* _STUDY MATERIAL_:

=== Begin Enclosure ===

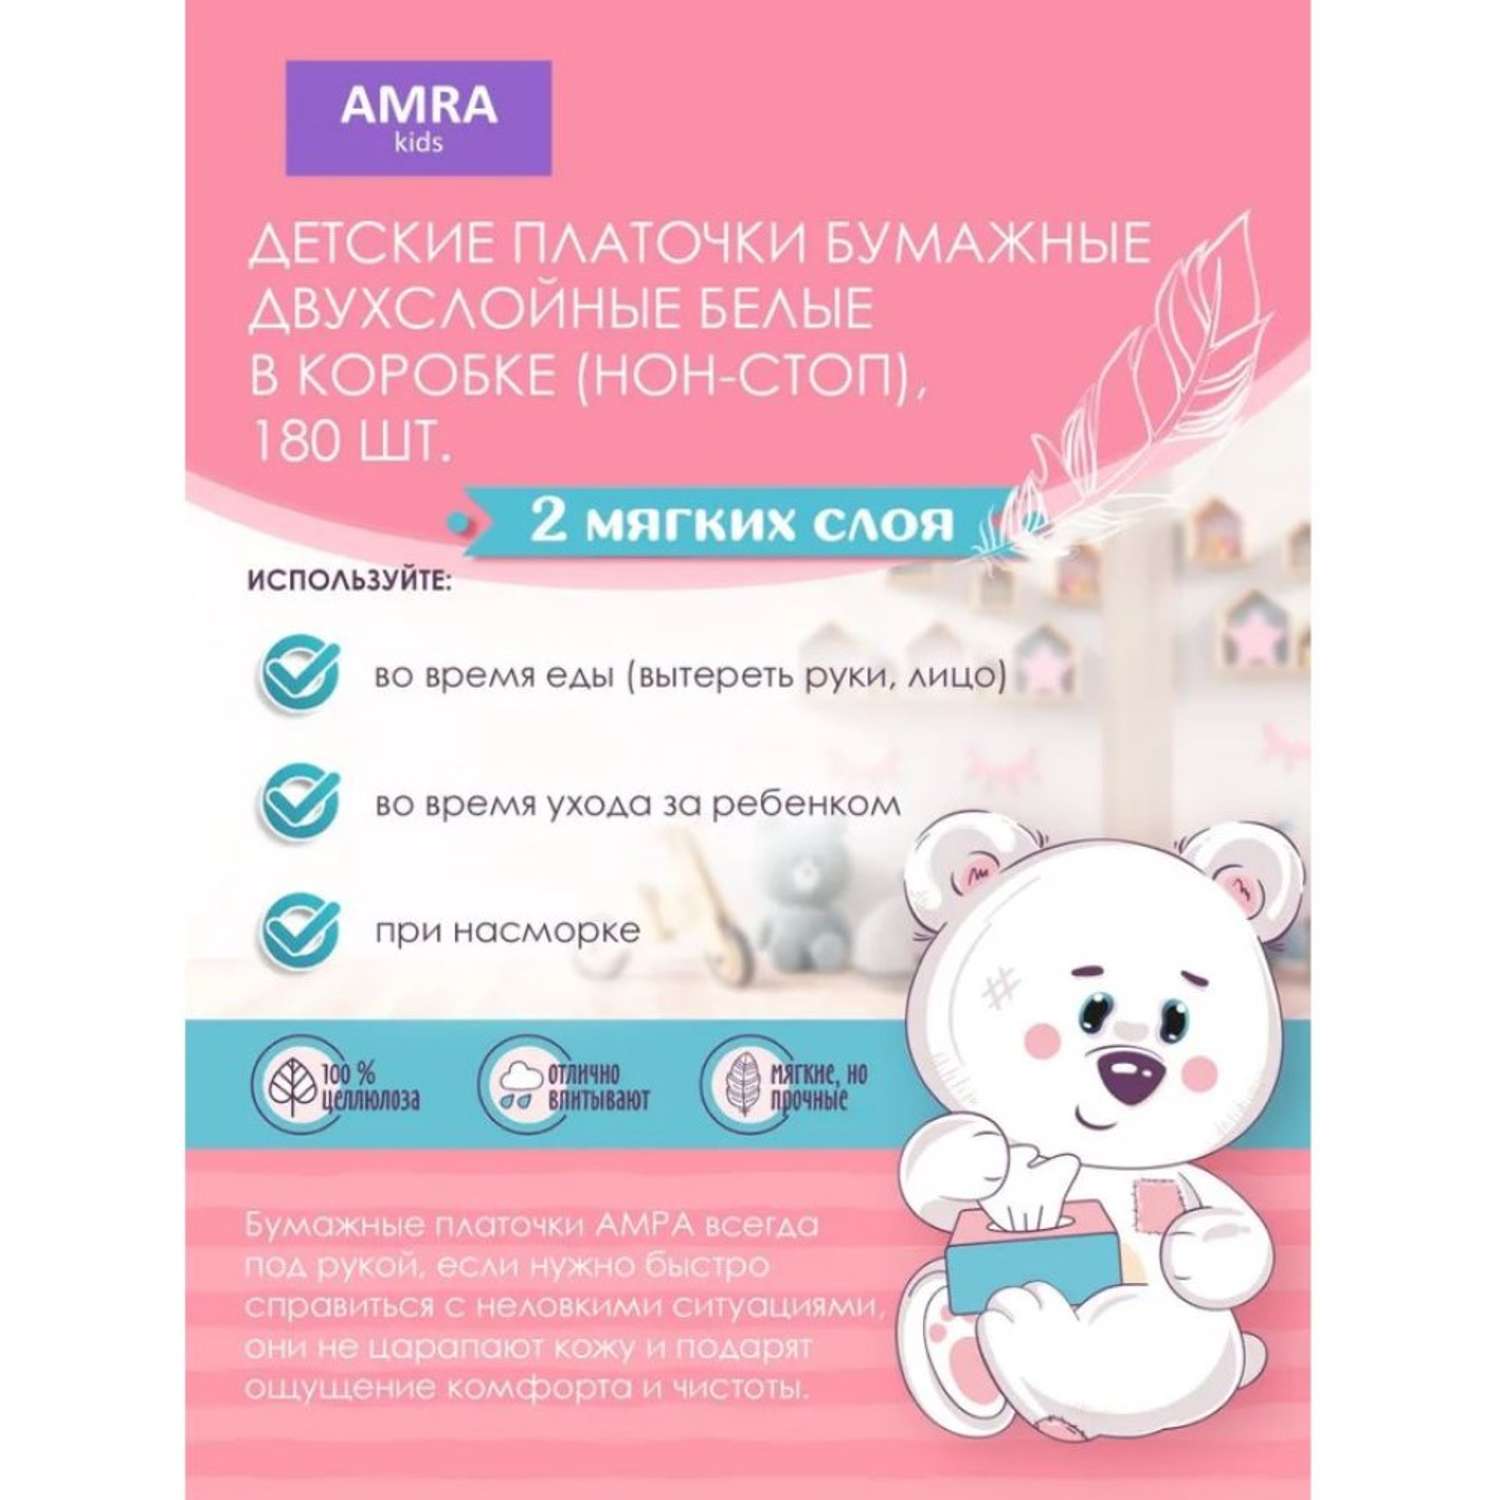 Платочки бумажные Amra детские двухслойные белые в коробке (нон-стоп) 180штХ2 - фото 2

=== End Enclosure ===
=== Begin Enclosure ===

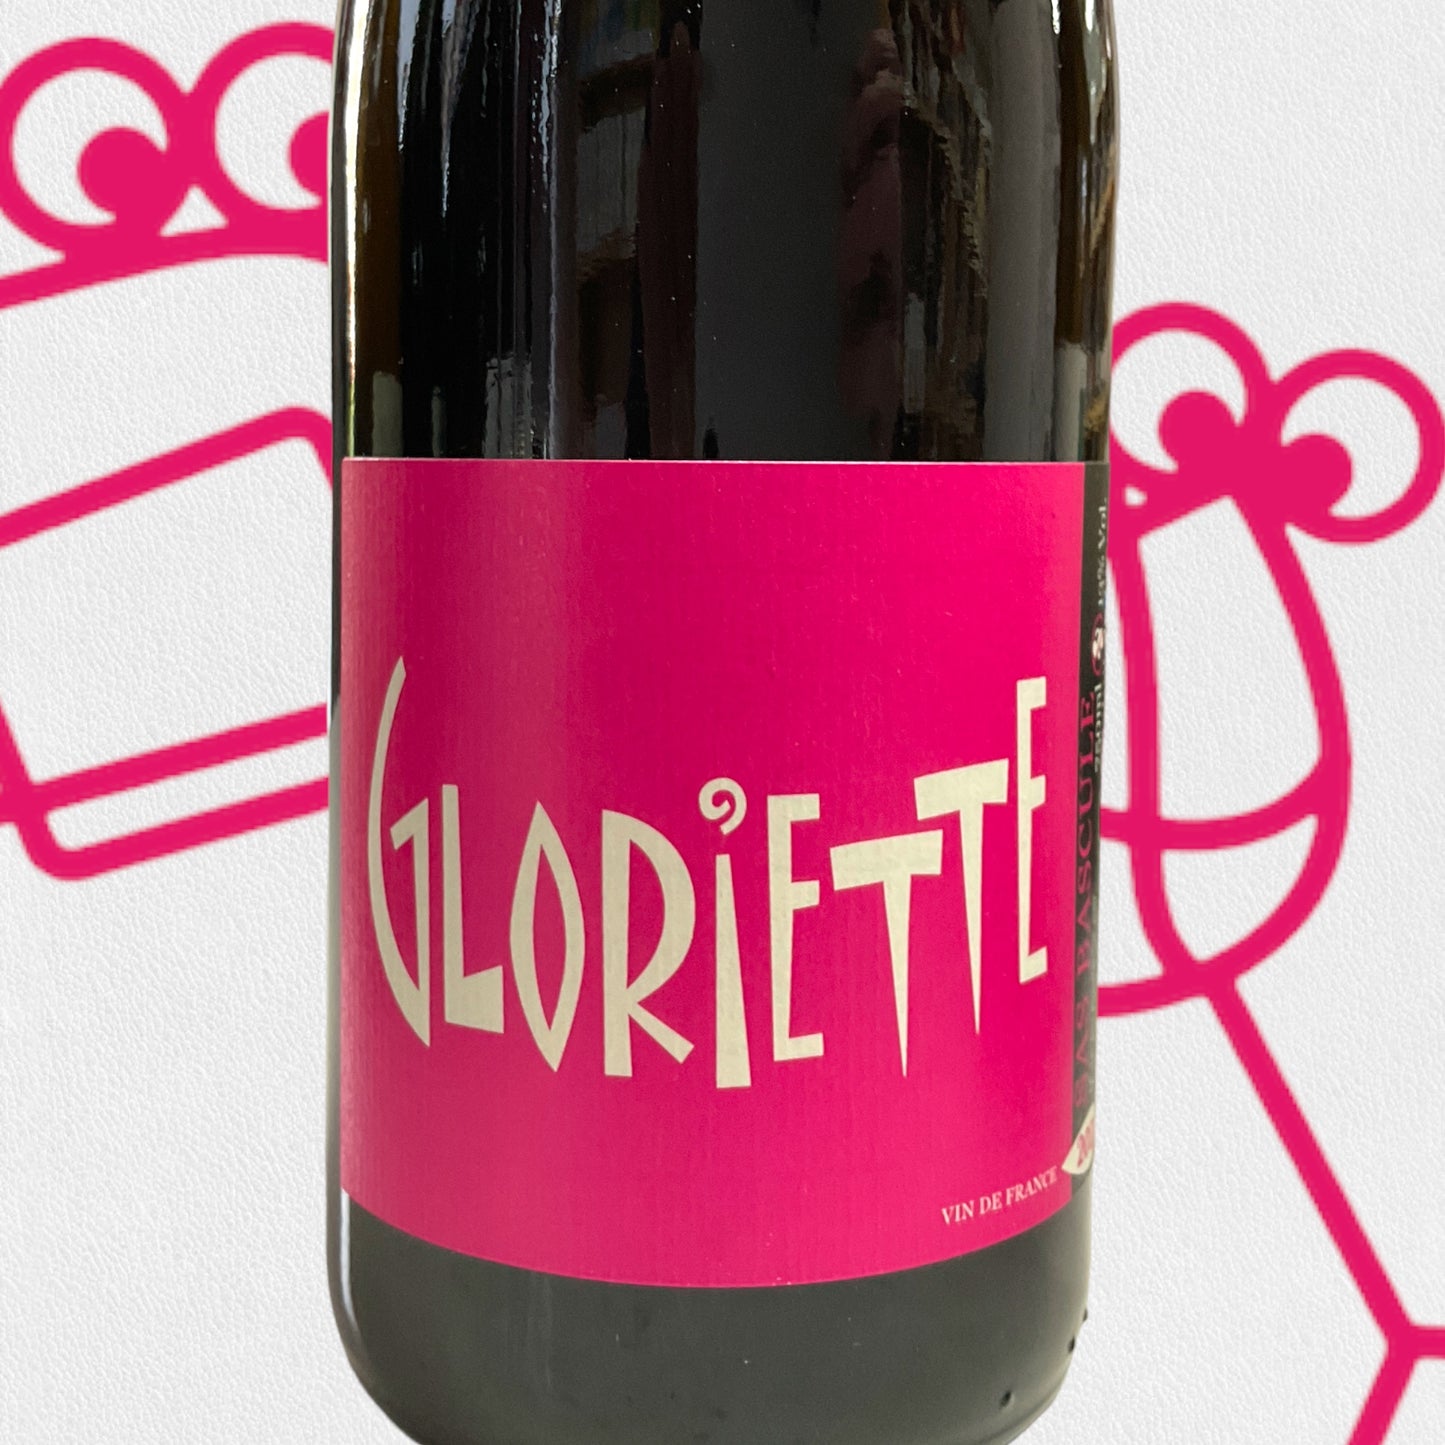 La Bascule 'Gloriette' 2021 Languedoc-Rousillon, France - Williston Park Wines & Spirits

=== End Enclosure ===
=== Begin Enclosure ===

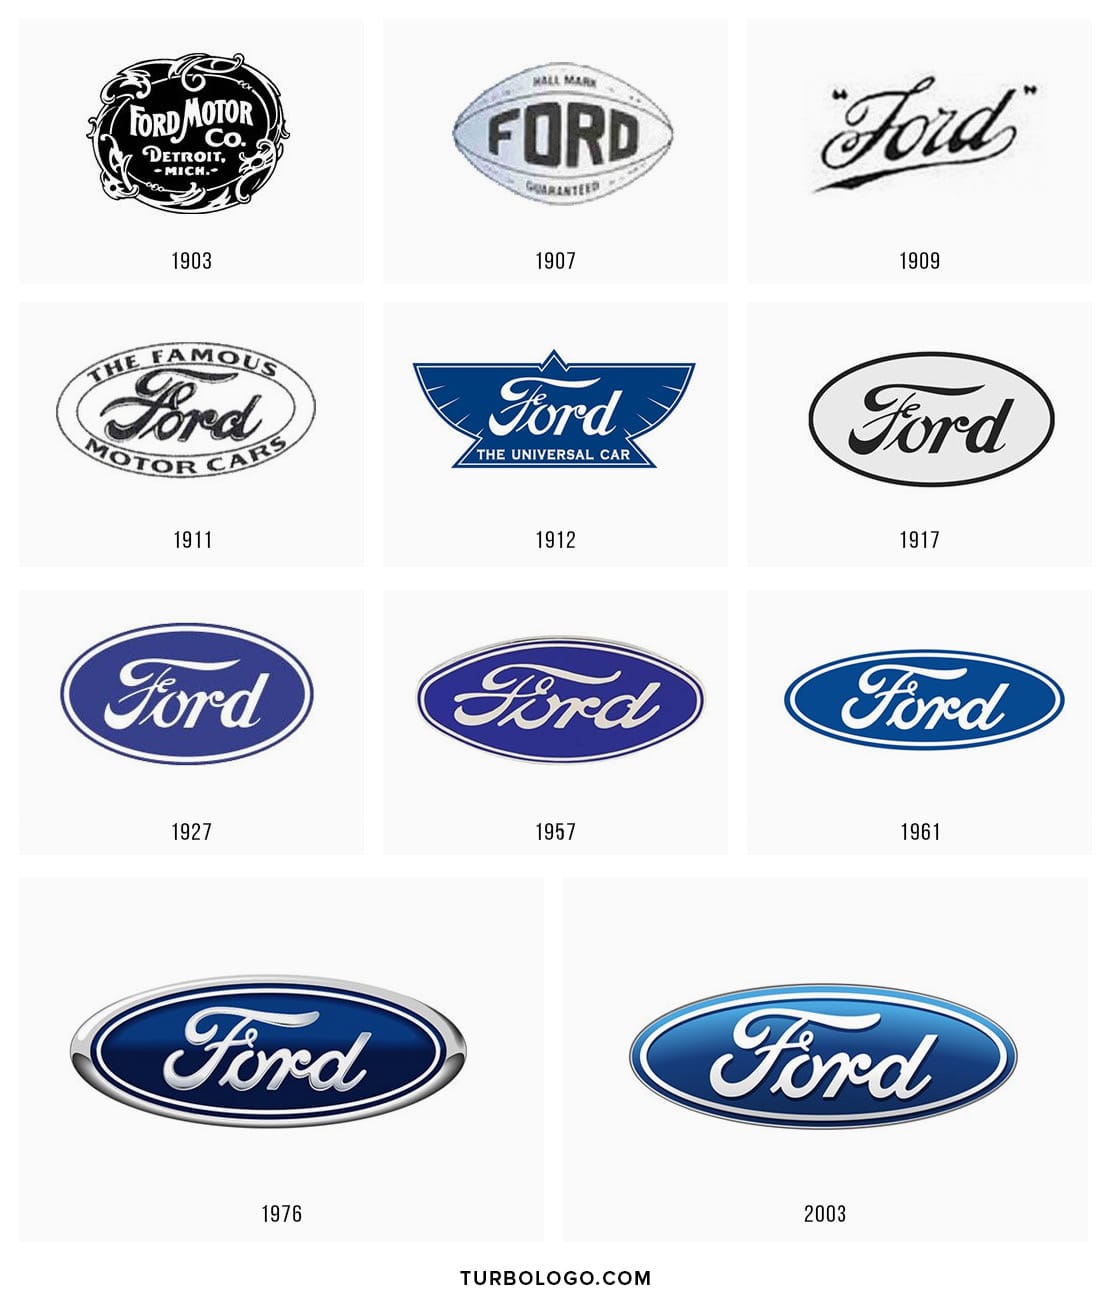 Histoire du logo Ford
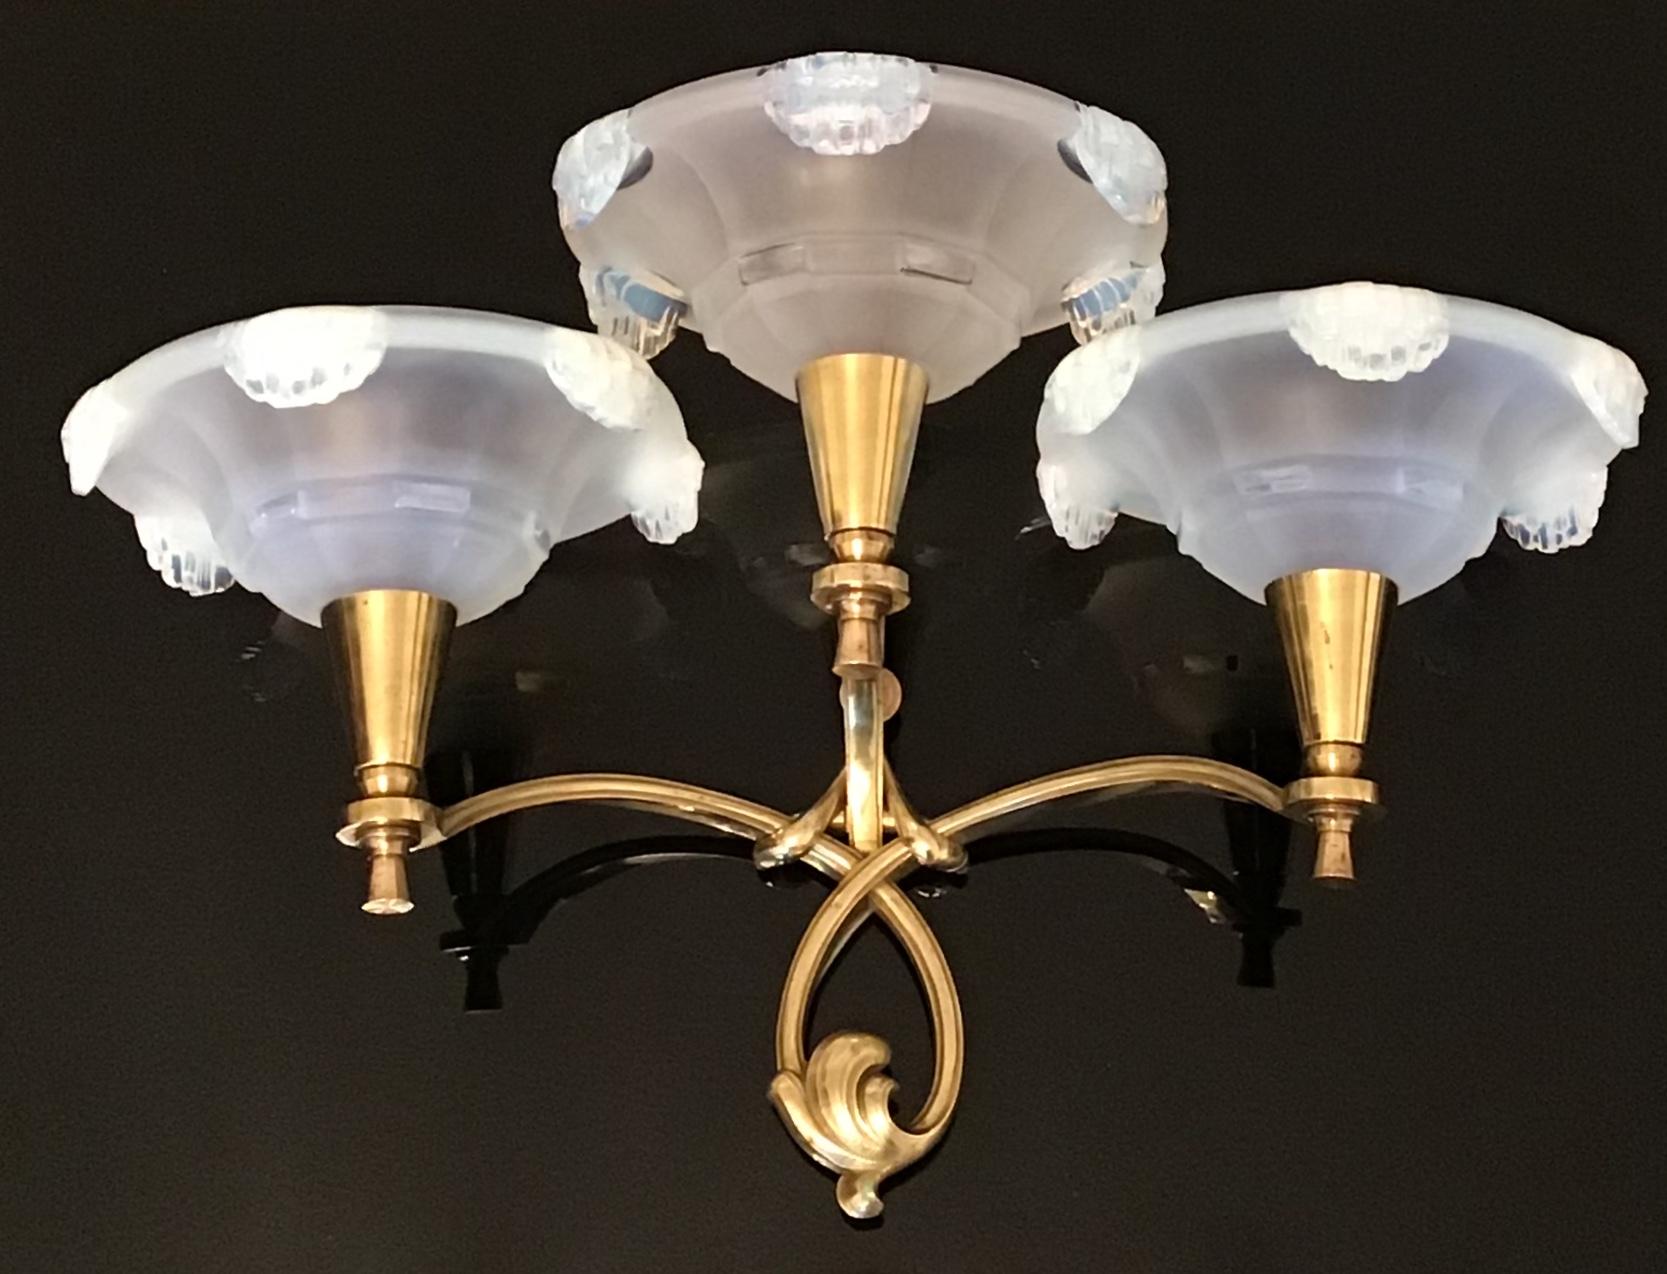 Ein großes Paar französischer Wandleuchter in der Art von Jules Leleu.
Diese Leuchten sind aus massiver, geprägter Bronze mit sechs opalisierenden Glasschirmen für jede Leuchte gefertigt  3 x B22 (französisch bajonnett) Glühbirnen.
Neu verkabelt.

=== End Enclosure ===

* _AIM OF THE TASK_: From the material above, set down exactly the lines between the line holding "Diese Leuchten sind" and the line holding "Neu verkabelt.", inclusive. Include nothing else.

* _OUTPUT FOR THIS EXERCISE_:
Diese Leuchten sind aus massiver, geprägter Bronze mit sechs opalisierenden Glasschirmen für jede Leuchte gefertigt  3 x B22 (französisch bajonnett) Glühbirnen.
Neu verkabelt.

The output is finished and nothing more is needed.